They draw a parallel between photographs and games as being both models, or “photographic referents” in Barthes’ terms:

games are models of experiences—not just depictions or descriptions (Bogost 4). The same can be said of photographs, which are also not representations of themselves, but instead, models of what they reveal.

The authors also trace a similarity between Susan Sontag’s “view of reality as an exotic prize to be tracked down and captured” by the photographer and the in-game world as a constantly reshaped environment, manipulated by the player. [personal note: to an extent this idea of Sontag’s photographer-hunter reveals (on top from the obvious political implications that made her work “On Photography” one of the most influential writings in photography theory) a gameplay element within photography, before there was even the possiblity to “gamify” its mechanics digitally.]

One interesting analysis of Pokémon Snap’s gamification of photography is the points-based system the game uses to distinguished a good photo from a bad one:

Each photo is judged on a few main qualities: size of subject, pose of subject, and technique of the shot. Additional bonuses are added to the score if there are multiple subjects in the photo, or if the player has performed certain events on a course that lead to special or unique poses (for example, getting a Pokémon to stand on a surfboard or sing in a group). The game privileges shots in which the subject’s size takes up about a third of the frame, the subject is in the centre of the frame, and is facing the camera. Some poses are encouraged over others, such as dancing with or attacking other Pokémon, but for the most part, all that is emphasized is that the Pokémon should not be facing away from the camera.

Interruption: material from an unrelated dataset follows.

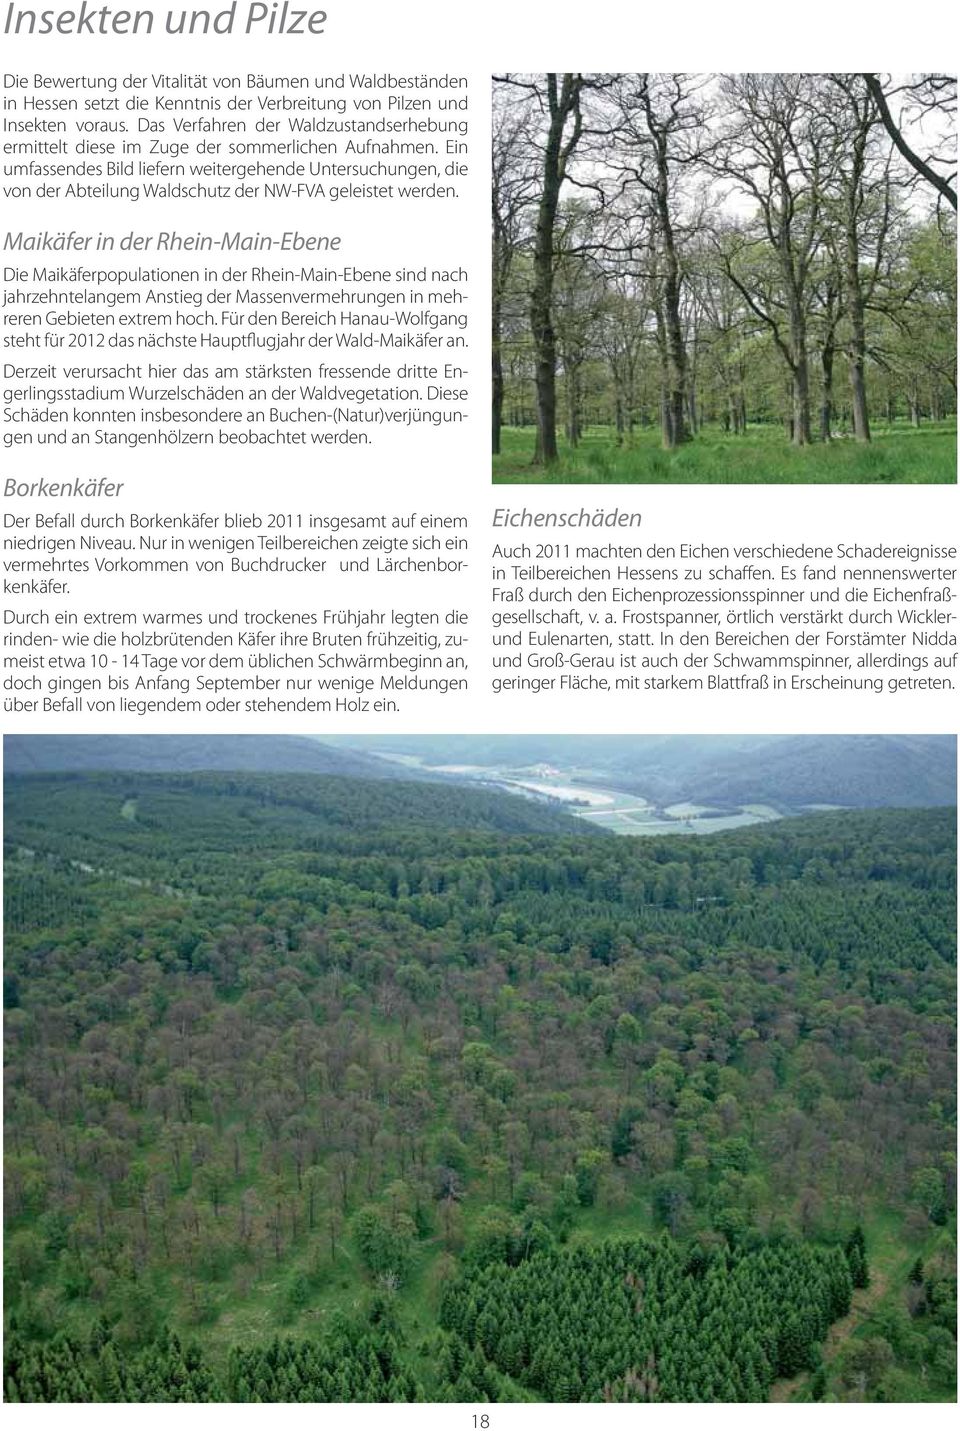 Ein umfassendes Bild liefern weitergehende Untersuchungen, die von der Abteilung Waldschutz der NW-FVA geleistet werden.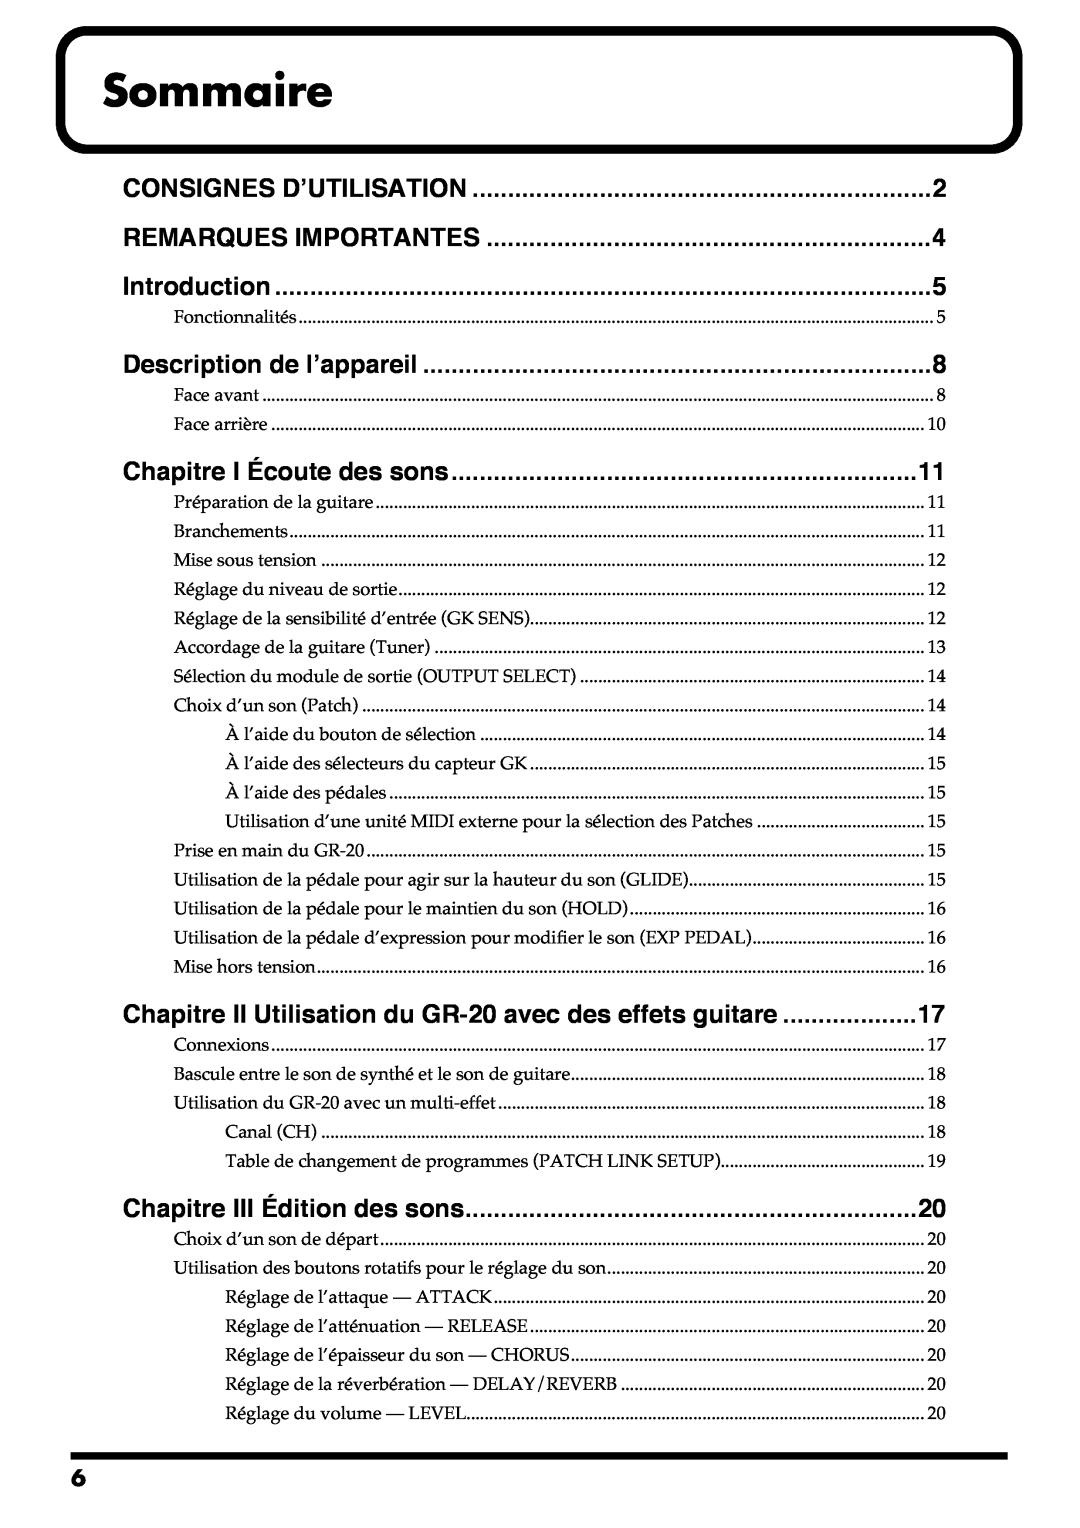 Roland GR-20 Sommaire, Introduction, Chapitre I Écoute des sons, Chapitre III Édition des sons, Consignes D’Utilisation

This leads to what Orlando and Brey call a “photographic colonialism”:

The fact that Snap gamifies basic photography skills and teaches its players how to create a single kind of photographic image indicates a single acceptable or desirable kind of photography. Not only does it teach just one style, but it also discourages learning others in the game space. This can be viewed as a kind of photographic colonialism—the limitation to a single viewpoint at the expense and extinction of others by a controlling power outside of the immediate environment. Snap disallows a variety of voices within its gameplay and photographic requirements, separating itself from photographic arts[…]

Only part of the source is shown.